The scriptural point is this. The magistrate has a reponsibility to recognize that Jesus rose from the dead, and that He is seated at the right hand of God the Father, Almighty, Maker of heaven and earth. This is a scriptural requirement because the Bible says that every tongue must confess this. He has a responsibility to govern the nation with that truth in his mind and heart, and to consult with the church when he has questions about what it all means. He should also have the authority to tell the church to pipe down when clerics who don’t understand economics wax indignant about coffee bean plantations, as they like to do sometimes. He should propose an amendment to the Constitution that consists of the text of the Apostles’ Creed. He should not put any particular denomination on the dole. If we don’t like welfare queens, we should not want to encourage bishop queens. We have enough of those already.

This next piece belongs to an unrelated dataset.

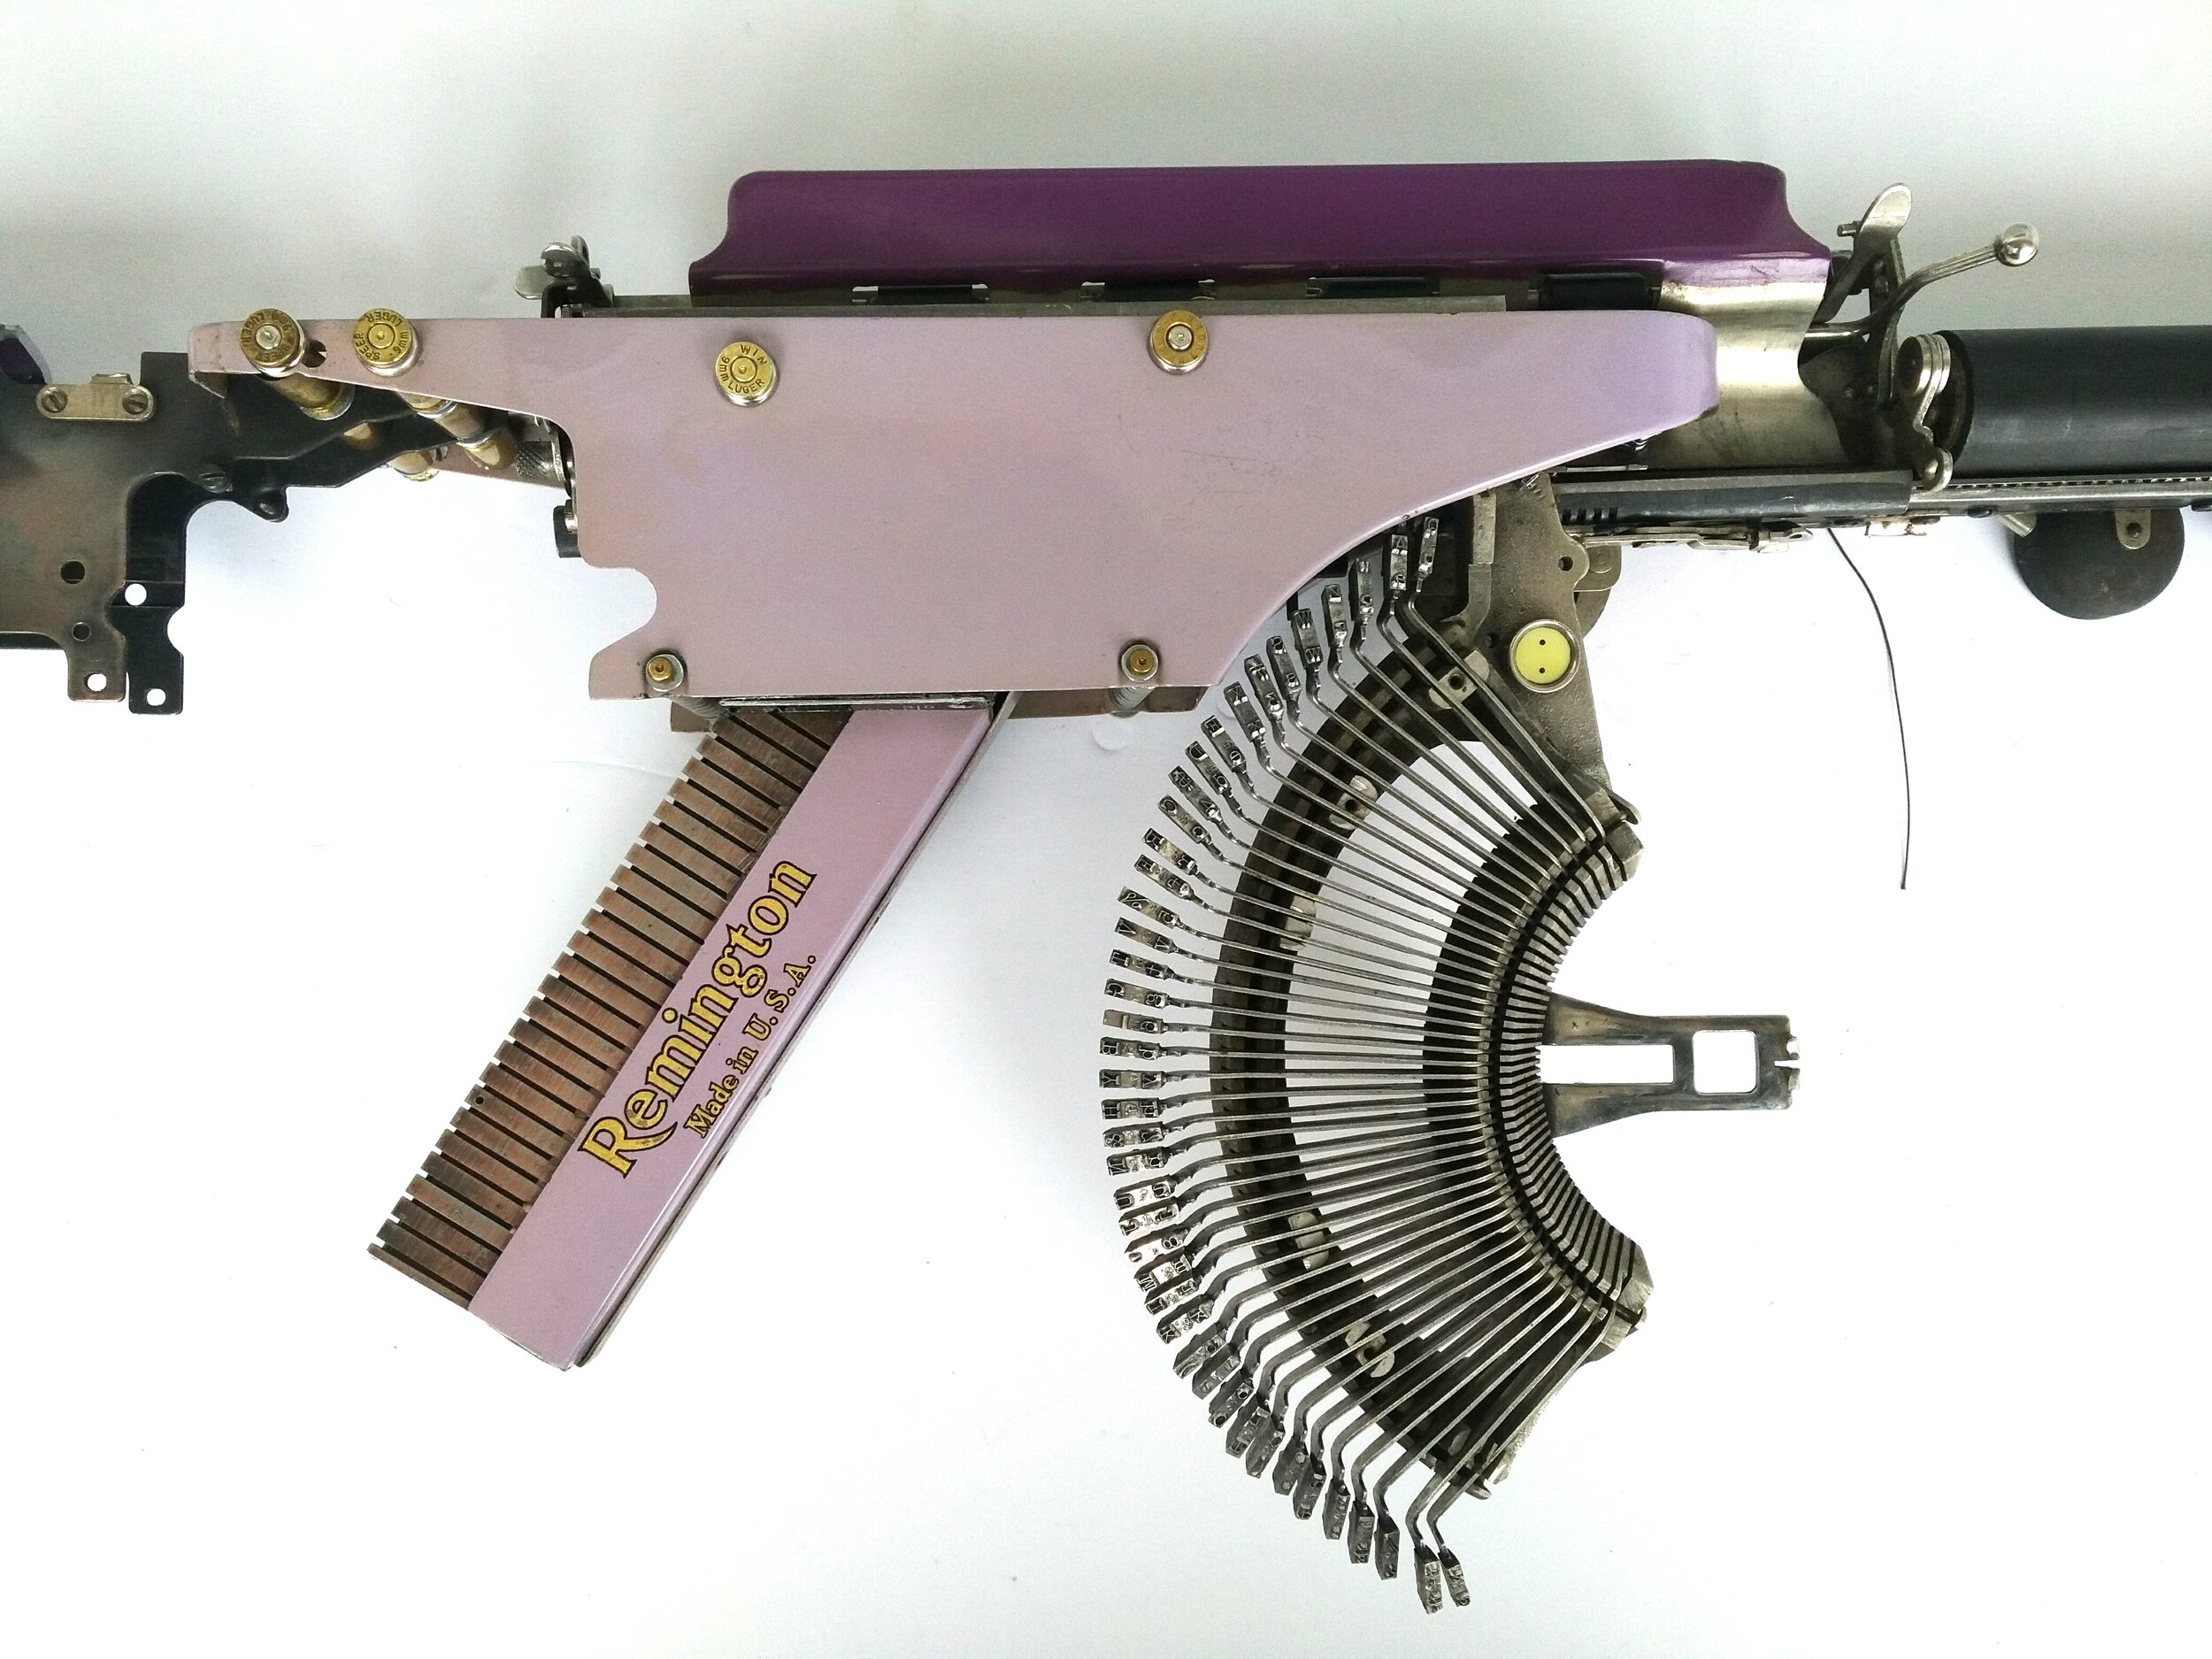  Eric Nado  - Rem Purple USA (Detail) - Typewriter MachineGun series - Size: 11" x 29" x 3” inches -  Transformed vintage Remington typewriter gun- SOLD 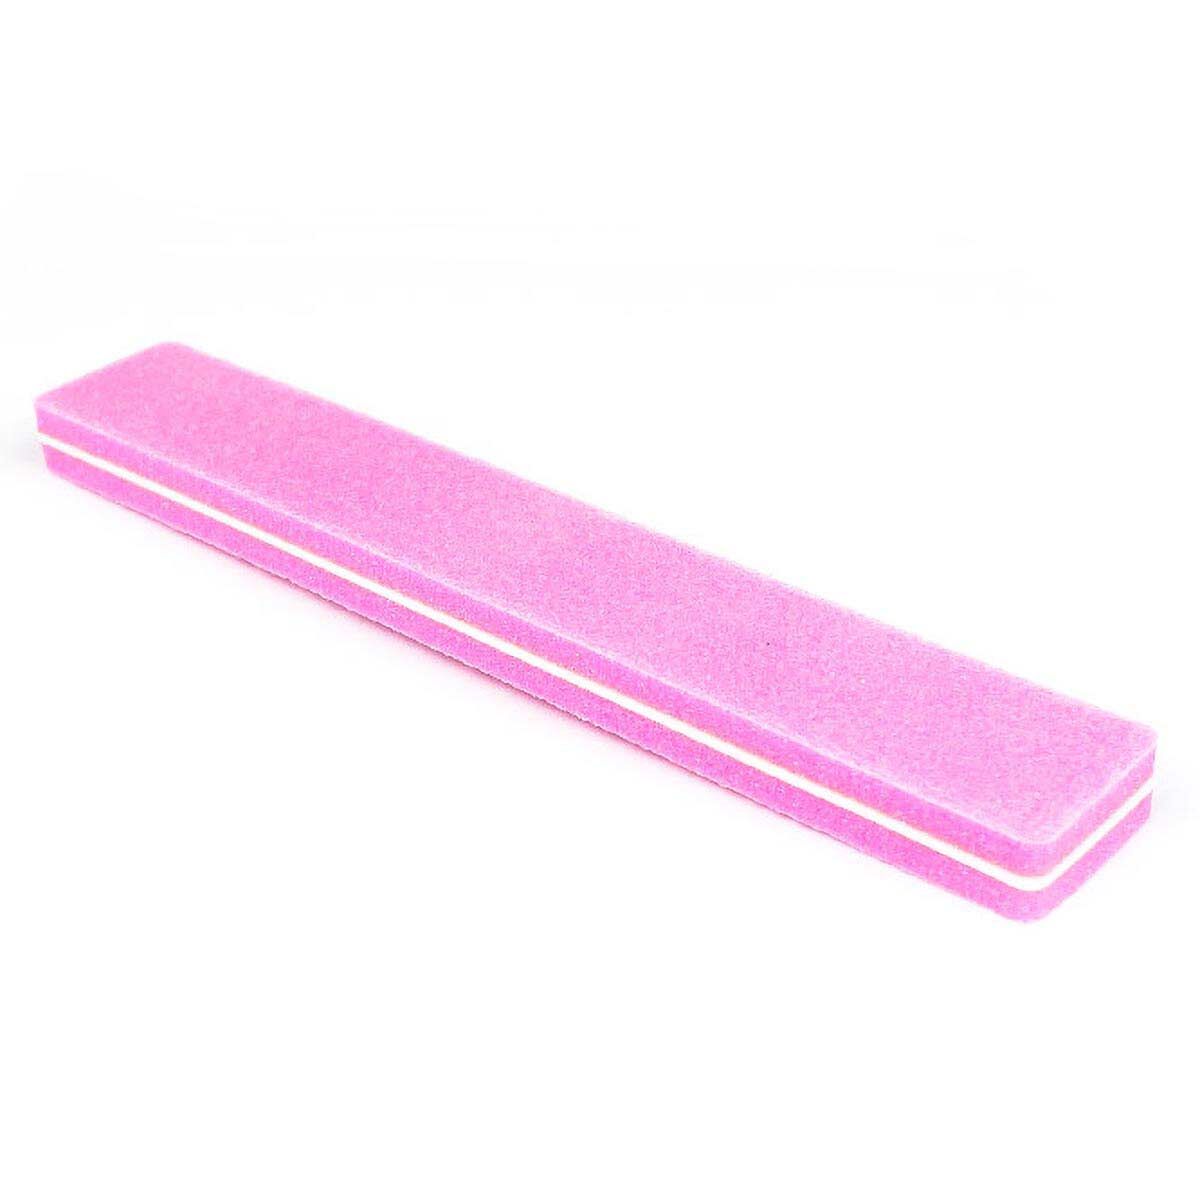 Blok polerski w kształcie pilnika różowy

There are three institutions among men that were created directly by God. These three institutions do not depend for their existence or authority on the good pleasure of either of the other two. These three spheres each stand alone before God, and so they are called by God to learn how to stand together, in harmony, under the common lordship of Christ. These three governments are family government (Gen. 2:22-25), civil government (Rom. 13:1), and church government (Eph. 4:10-12). We have the authority under Christ to create other lesser spheres, but these are the three from God. Our task is to balance them rightly, not add to them, or subtract from them.